Limit of a certain function of n as n goes to infinity

[ShizukaSm]

Homework Statement

$\lim_{n->\infty} 3(\frac{n}{n+1})^n$

The Attempt at a Solution

Ok, I know that the answer is 3/e, because this limit was solved a year ago when I took calculus 1 by my teacher, and I foolishly copied only the answer, thinking I would never forget and have to go back.

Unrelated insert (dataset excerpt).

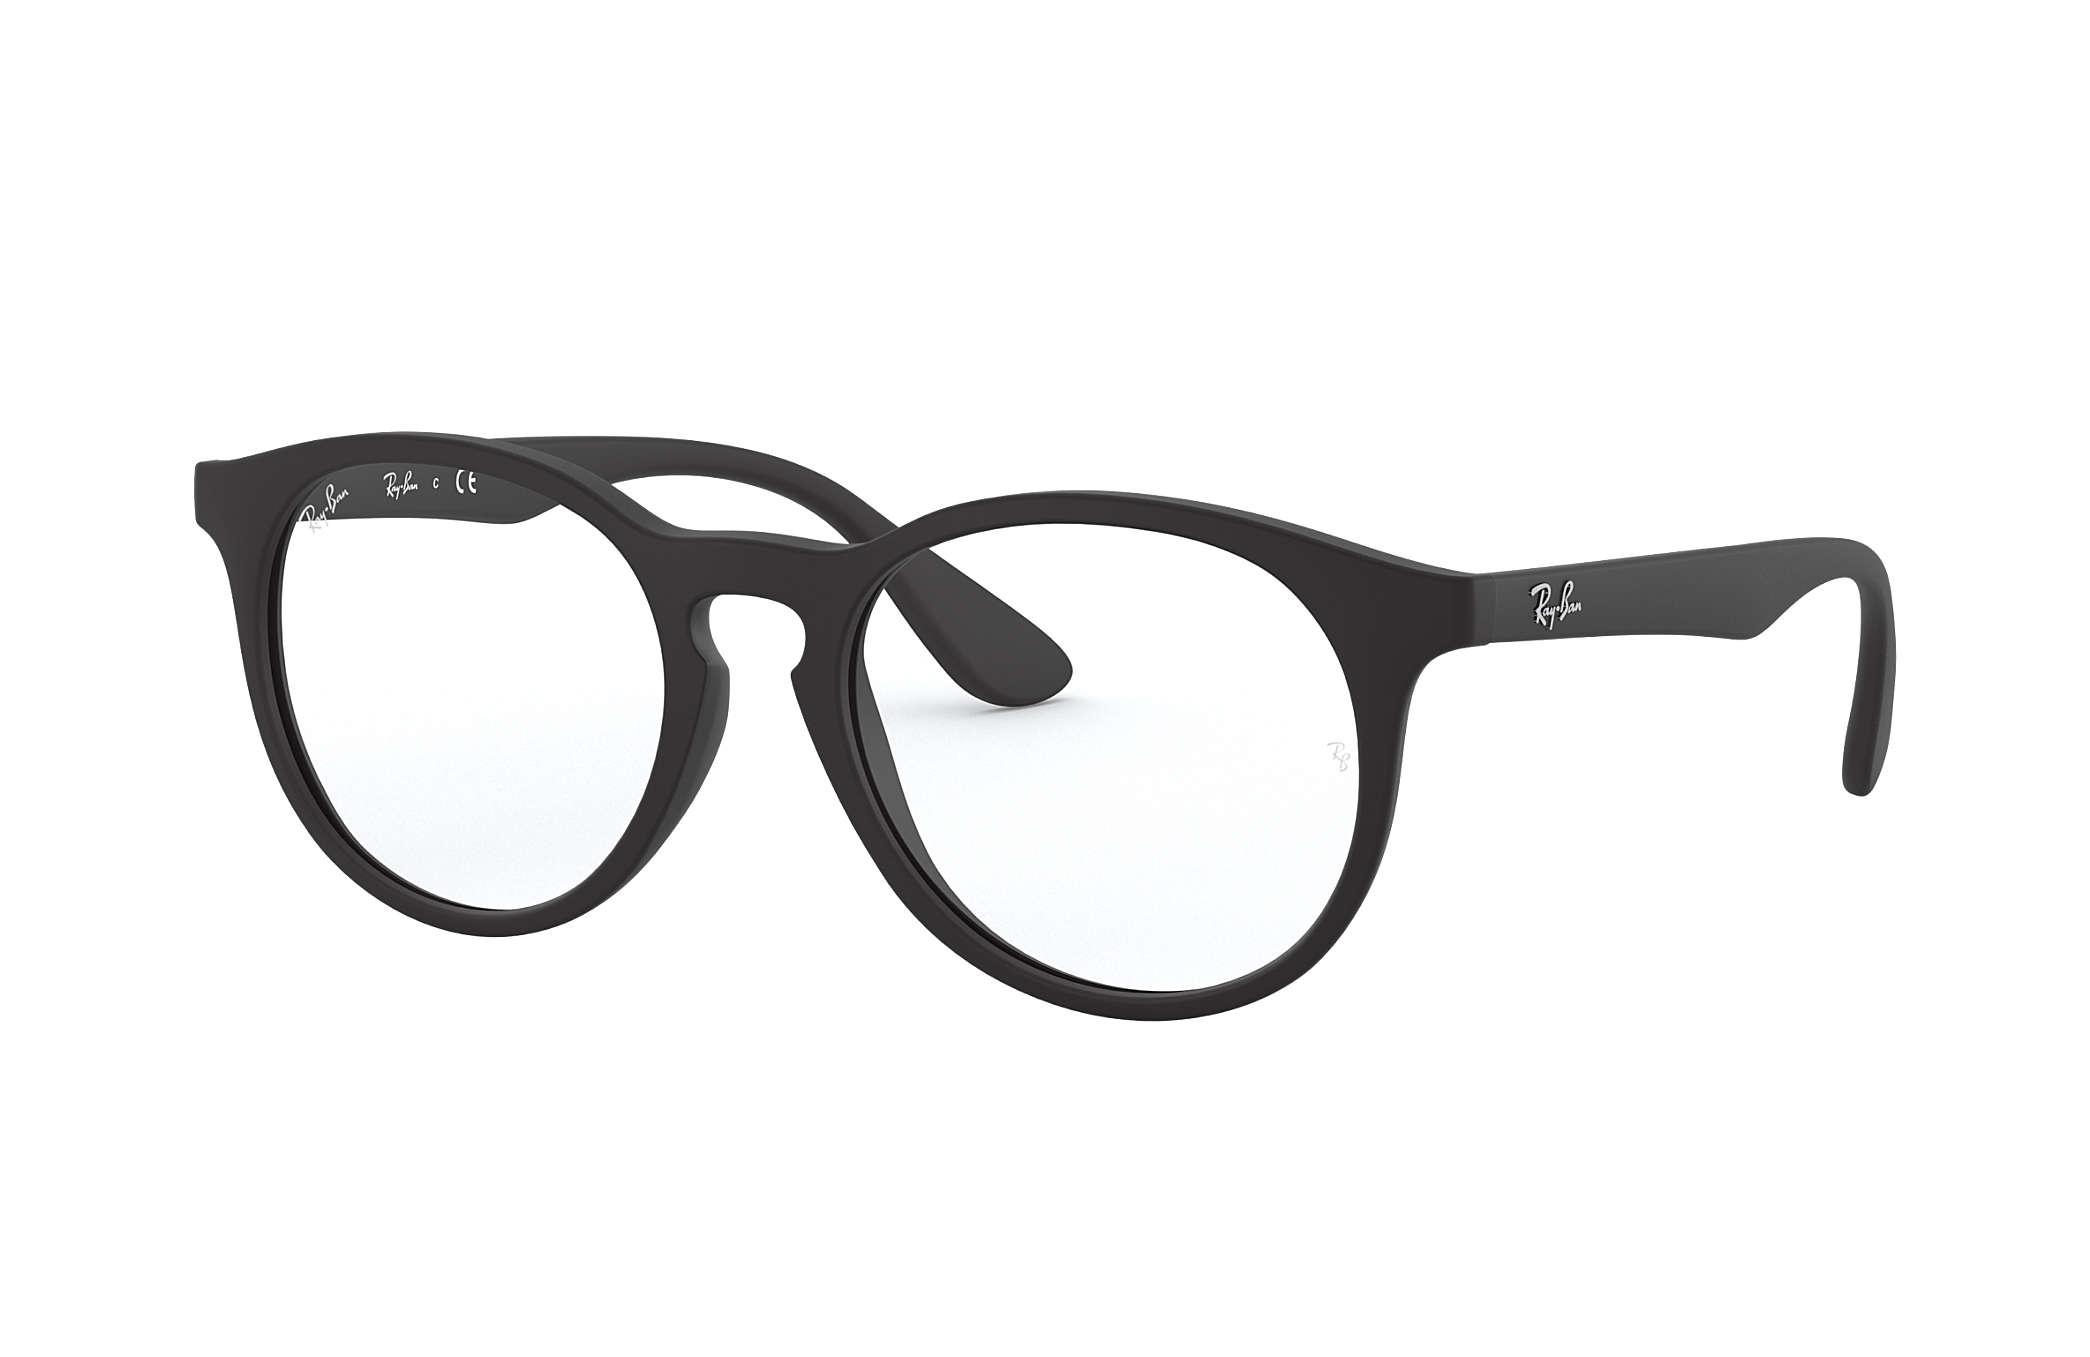 Ray-Ban eyeglasses RY1554 Black - Injected - 0RY1554361548   Ray-Ban ... cd7fc8d86ffb

I can't for the life of me understand how he did that, can someone help me, please?

Thanks in advance!

 

[mfb]

$$\frac{n}{n+1} = 1-\frac{1}{n+1}$$
Shifting the index by 1 (and ignoring the 3), the limit becomes $$\lim_{n \to \infty} \left(1-\frac{1}{n}\right)^n \left(1-\frac{1}{n}\right)^{-1}$$ which is easy to study.

 

[jbunniii]

Another way to look at it:
$$3 \left(\frac{n}{n+1}\right)^n = \frac{3}{\left(\frac{n+1}{n}\right)^n} = \frac{3}{\left(1 + \frac{1}{n}\right)^n}$$
The expression in the denominator on the right hand side should look familiar.

 

[ShizukaSm]

Oh yeah, of course! It's a fundamental limit, Thanks to you both, but I have to say that jbunniii's representation made it perfectly clear.